§ Information supplied:
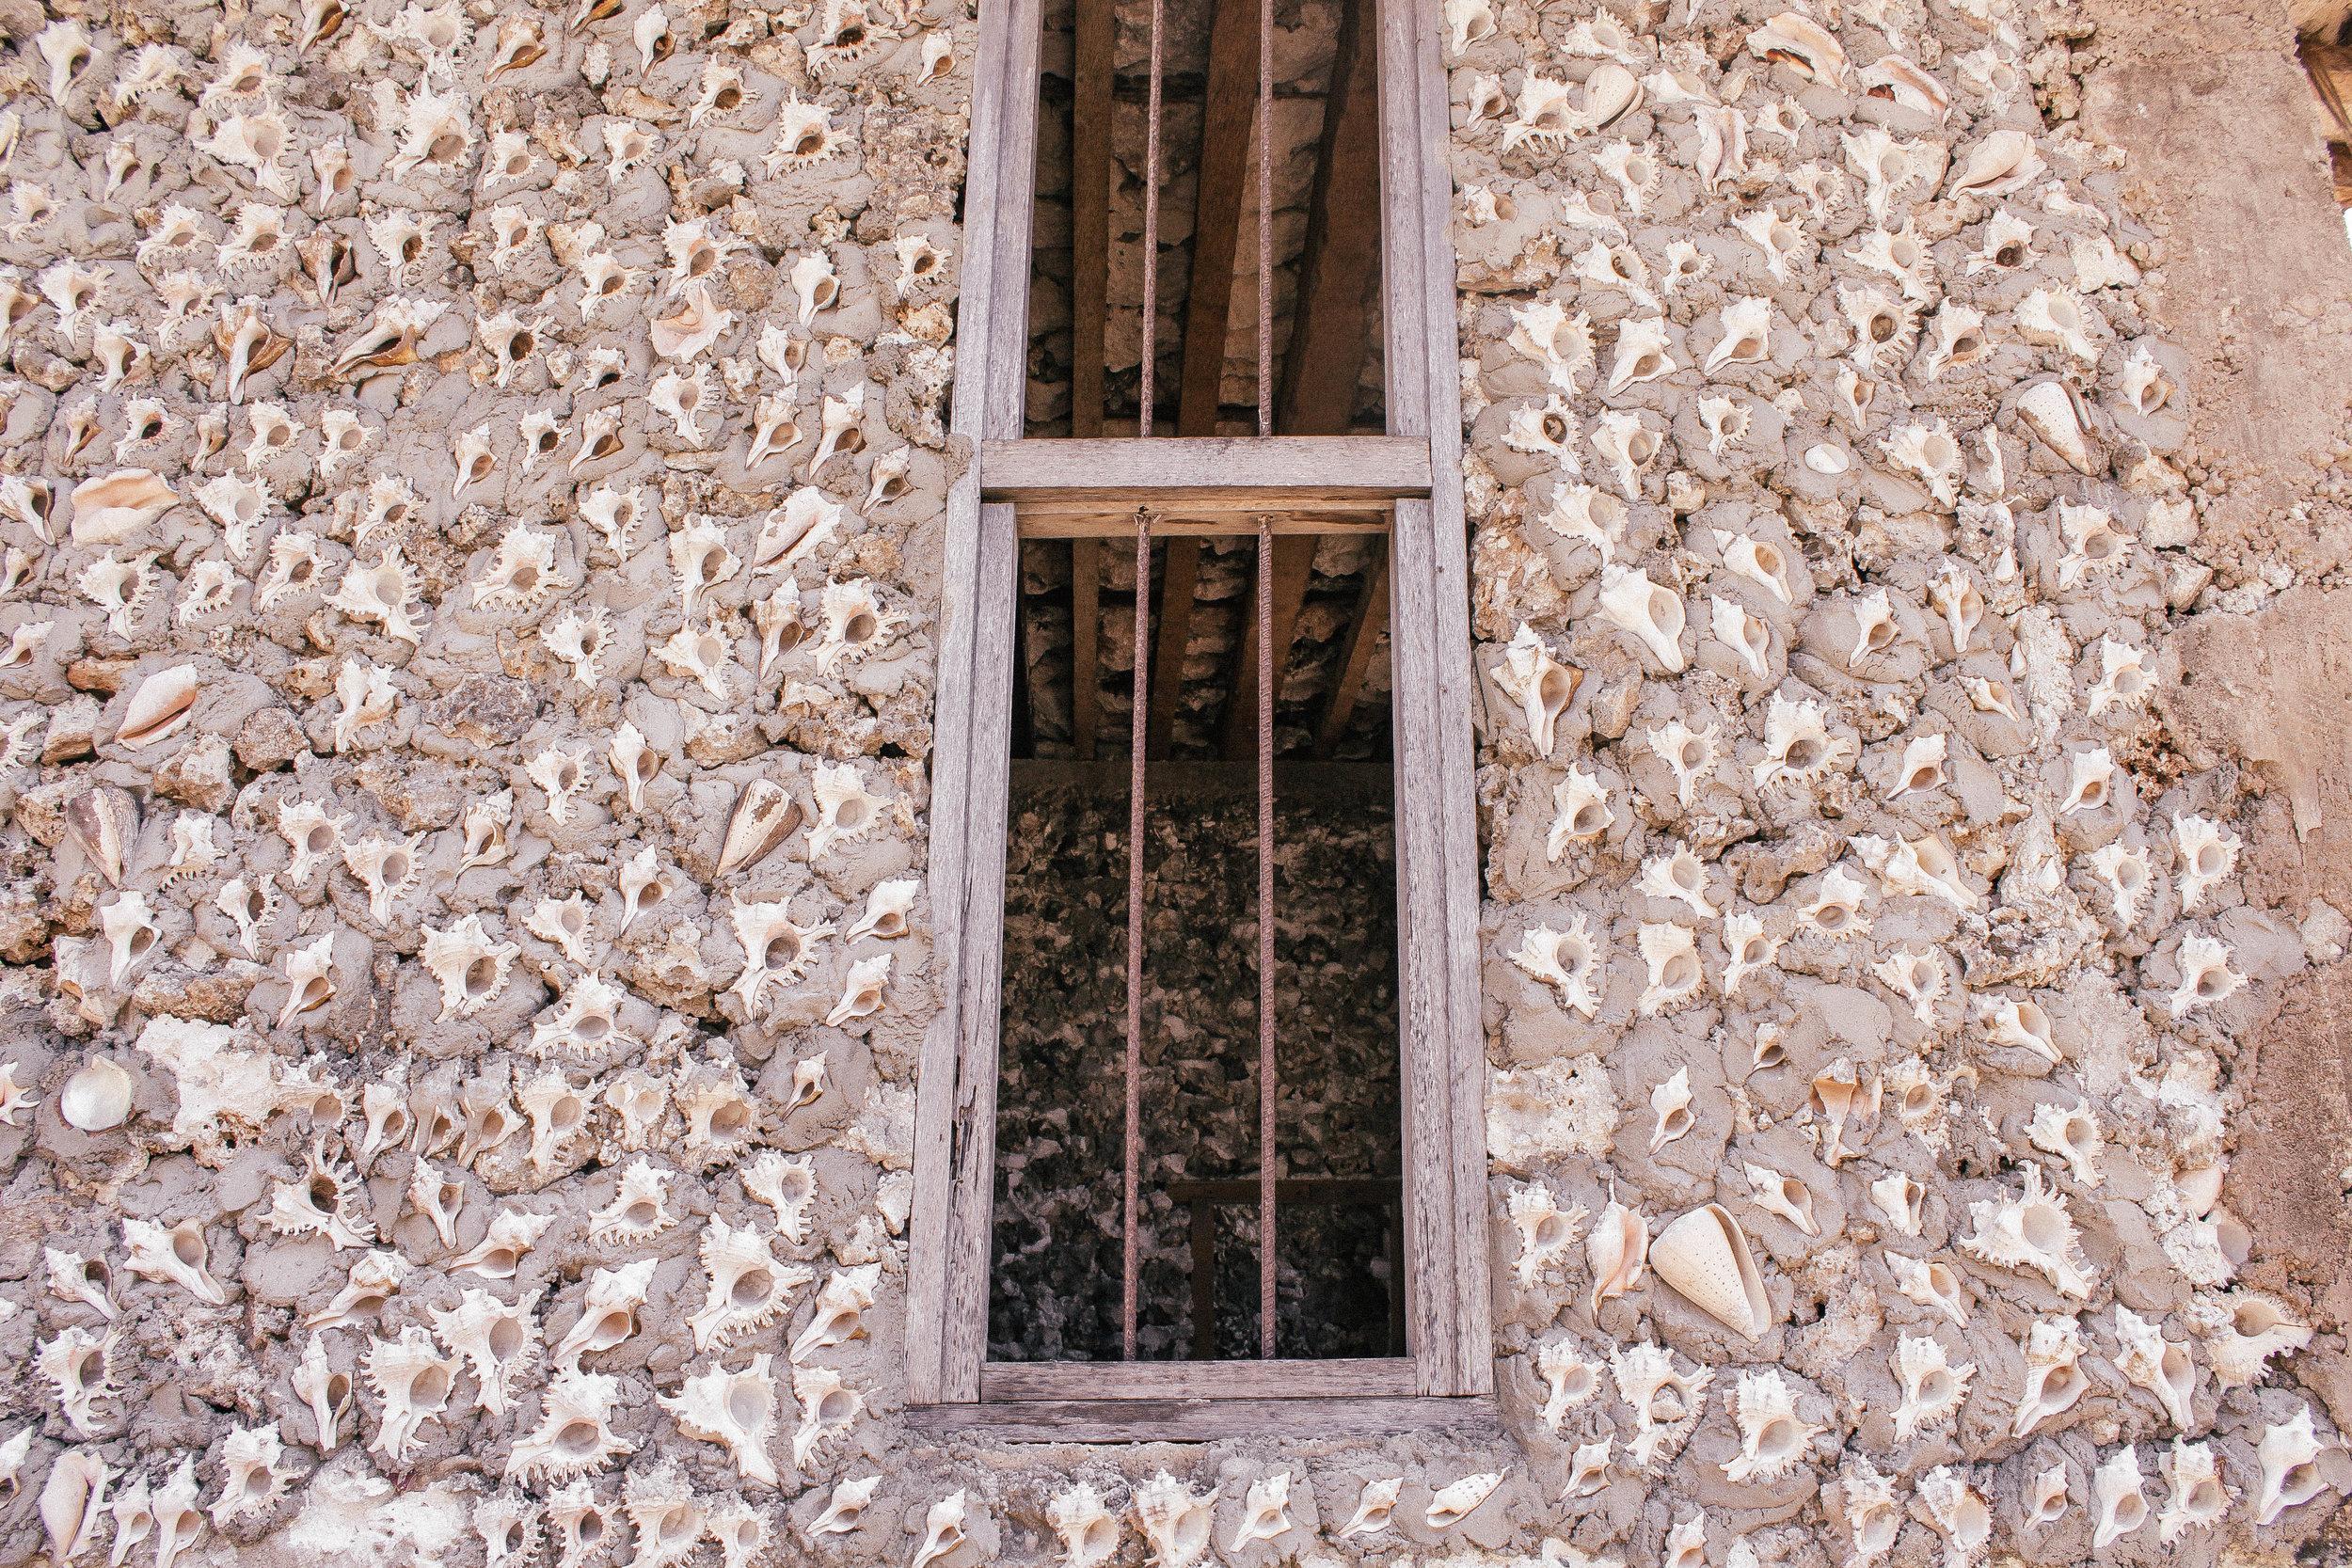 Home made of seashells
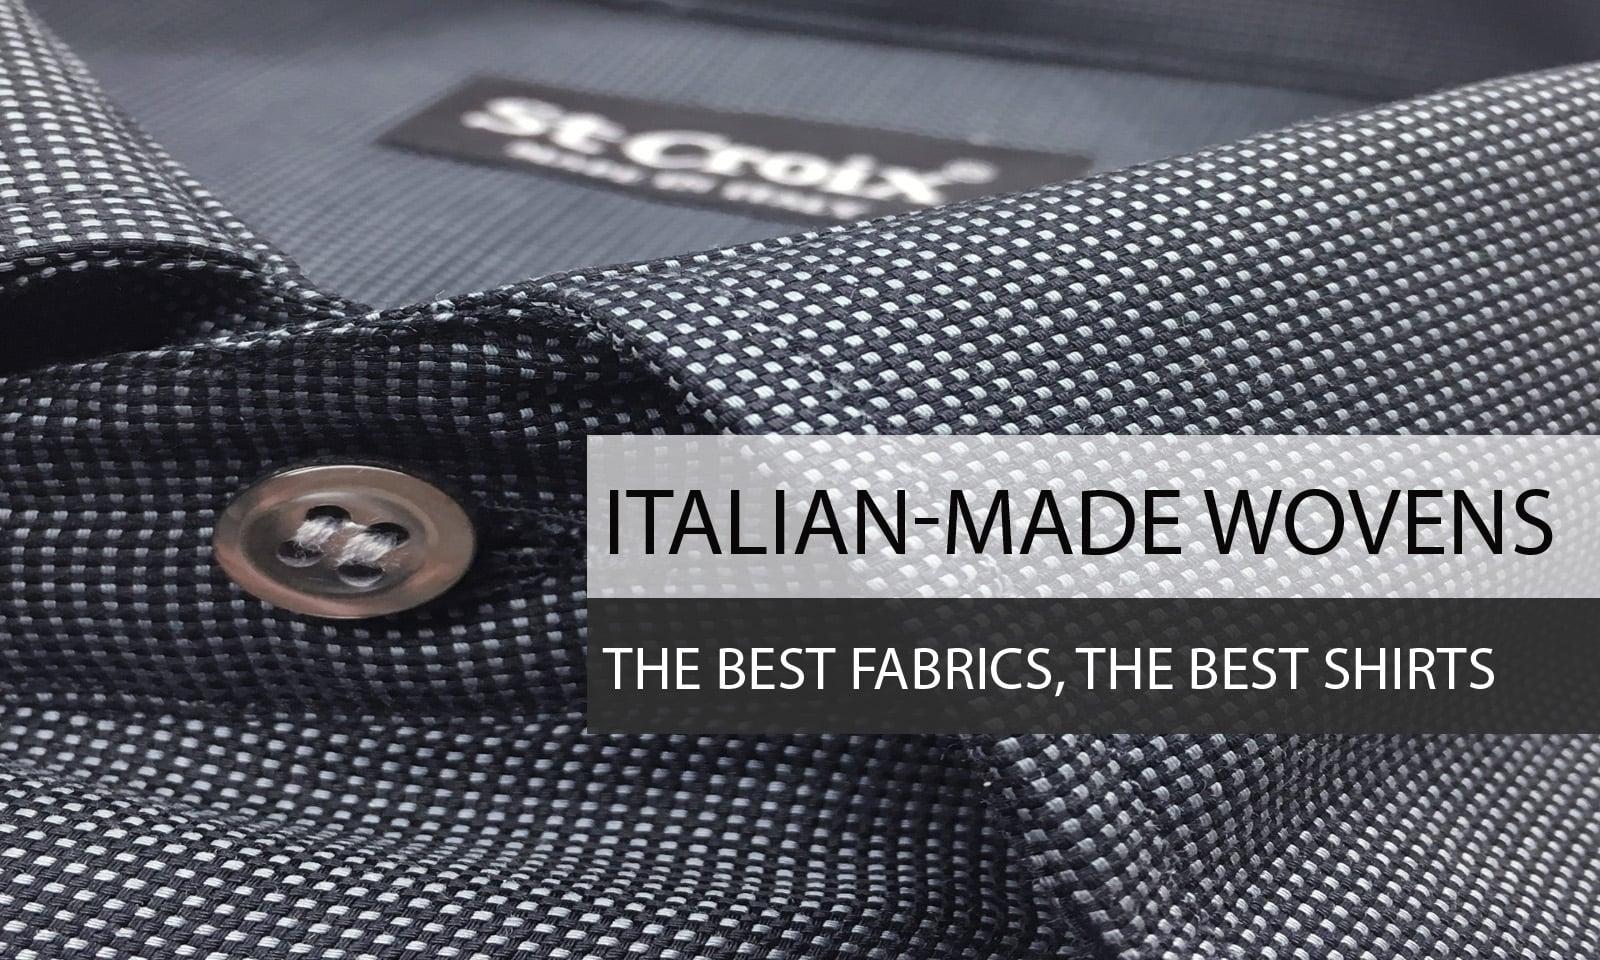 Italian-Made Wovens - The Best Fabrics - The Best Shirts
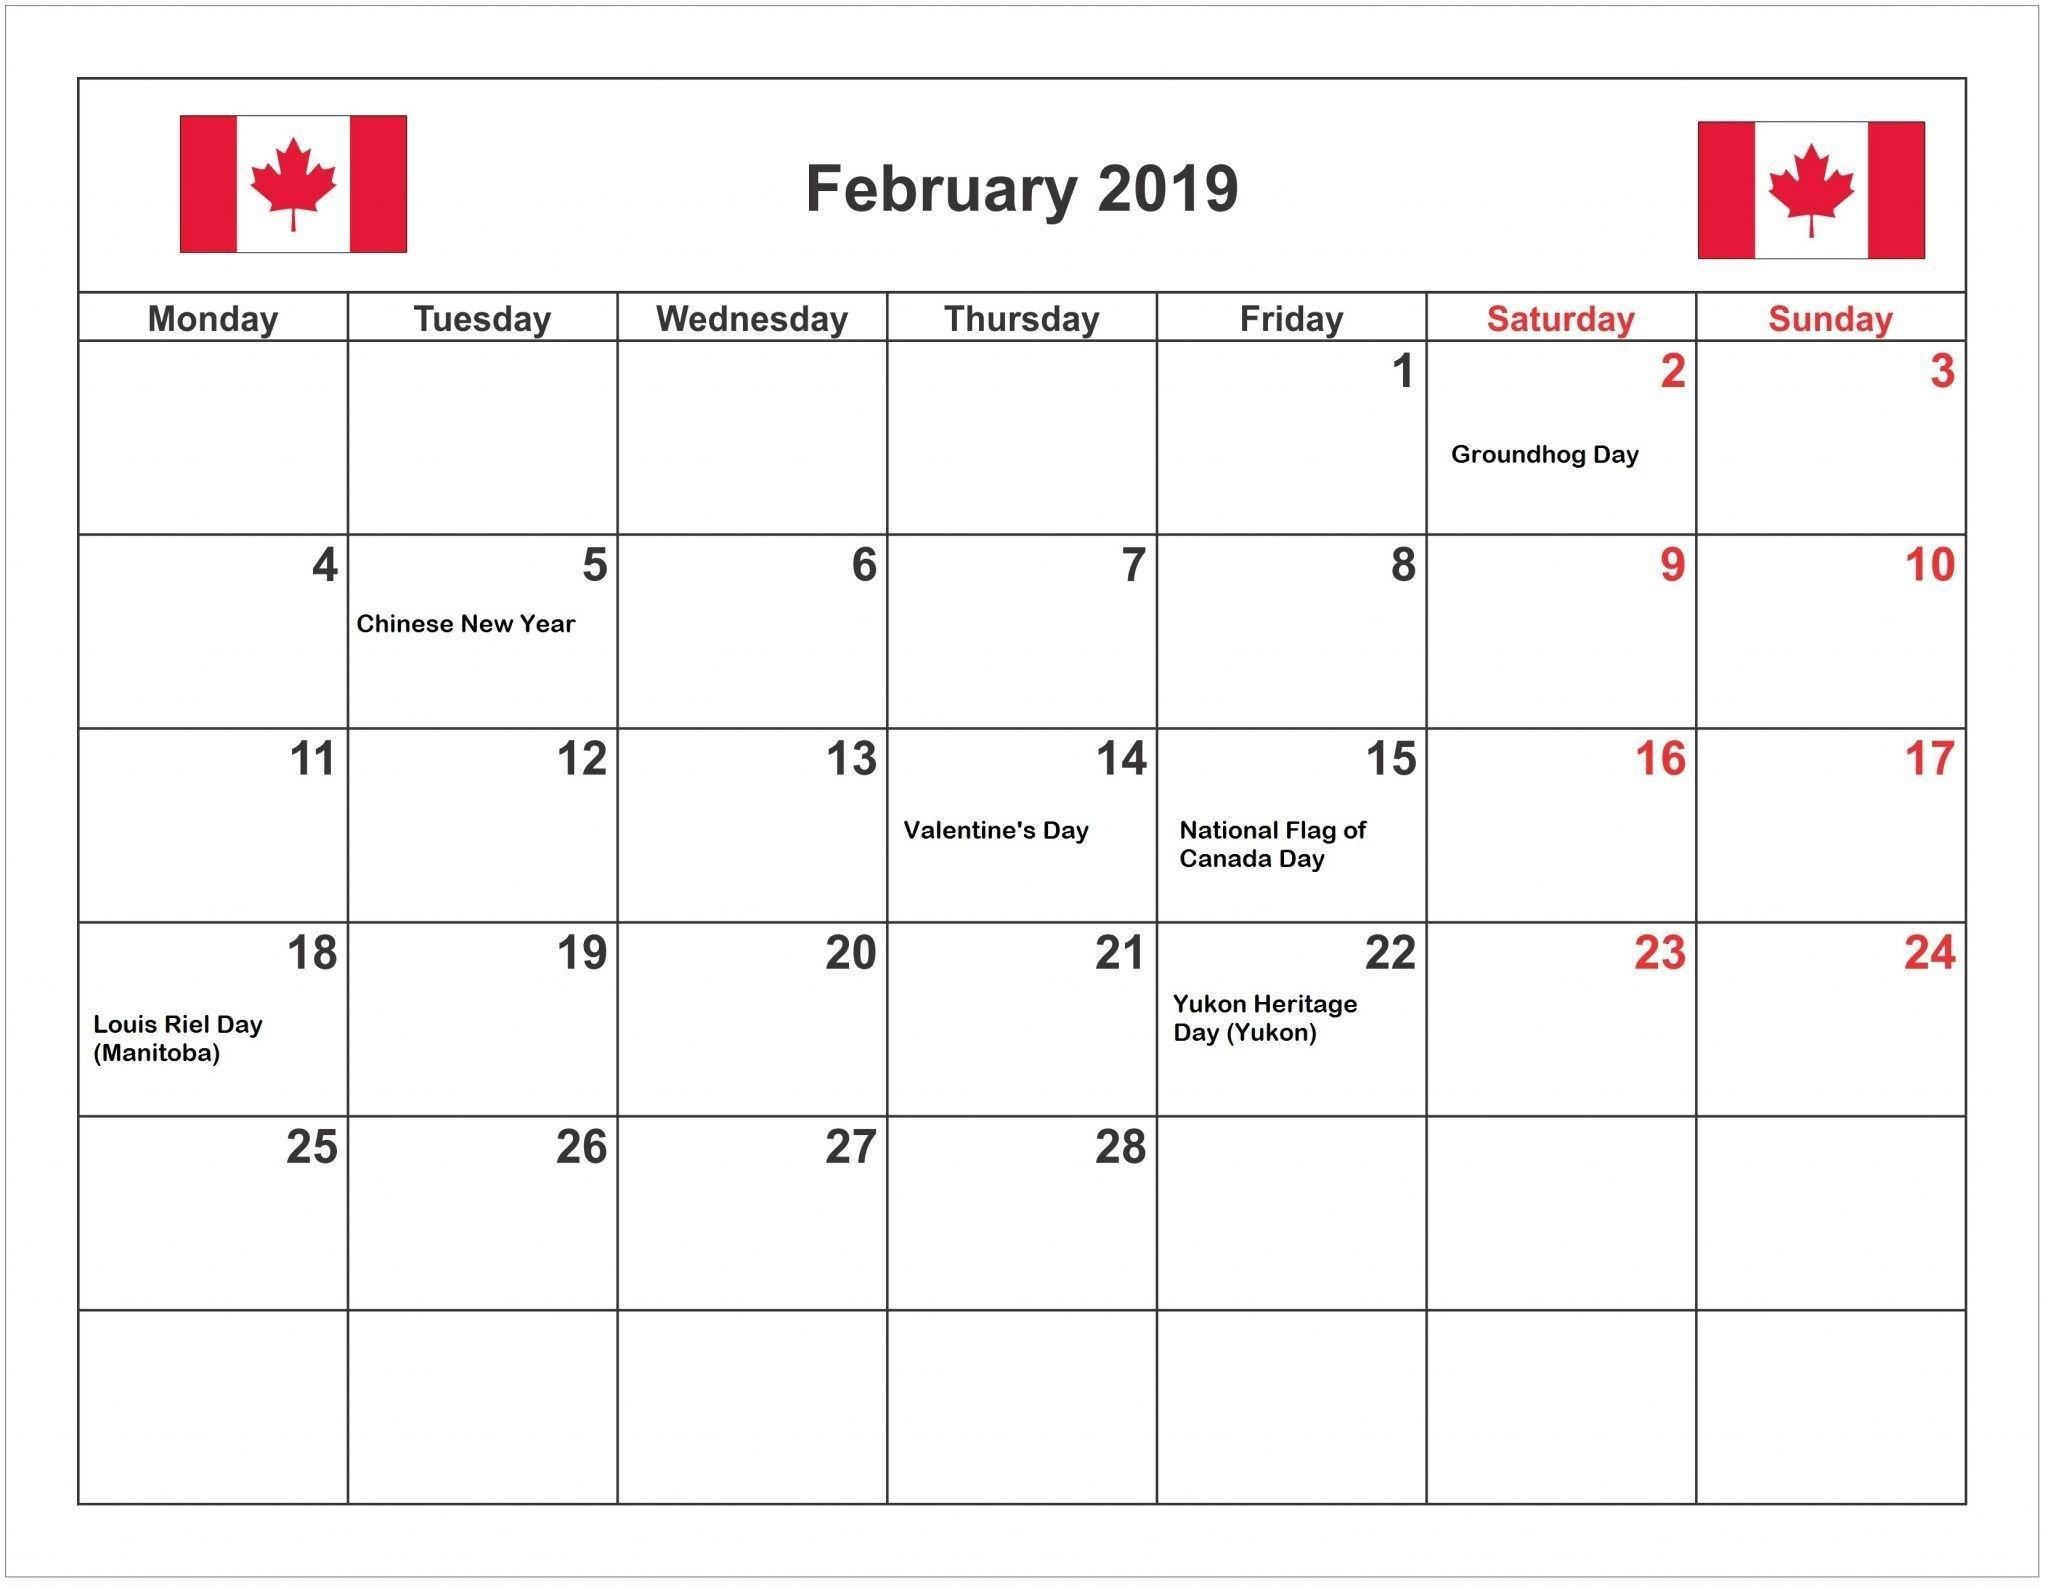 February 2019 Calendar Canada With Holidays   February 2019 Calendar Calendar Of 2019 Canada

§ What the task asks:
From the line that holds "Italian-Made Wovens - The" to the last line of the data, return those lines exactly and nothing else; both ends count, and pictures stay out.

§ Output of the task:
 Italian-Made Wovens - The Best Fabrics - The Best Shirts
 February 2019 Calendar Canada With Holidays   February 2019 Calendar Calendar Of 2019 Canada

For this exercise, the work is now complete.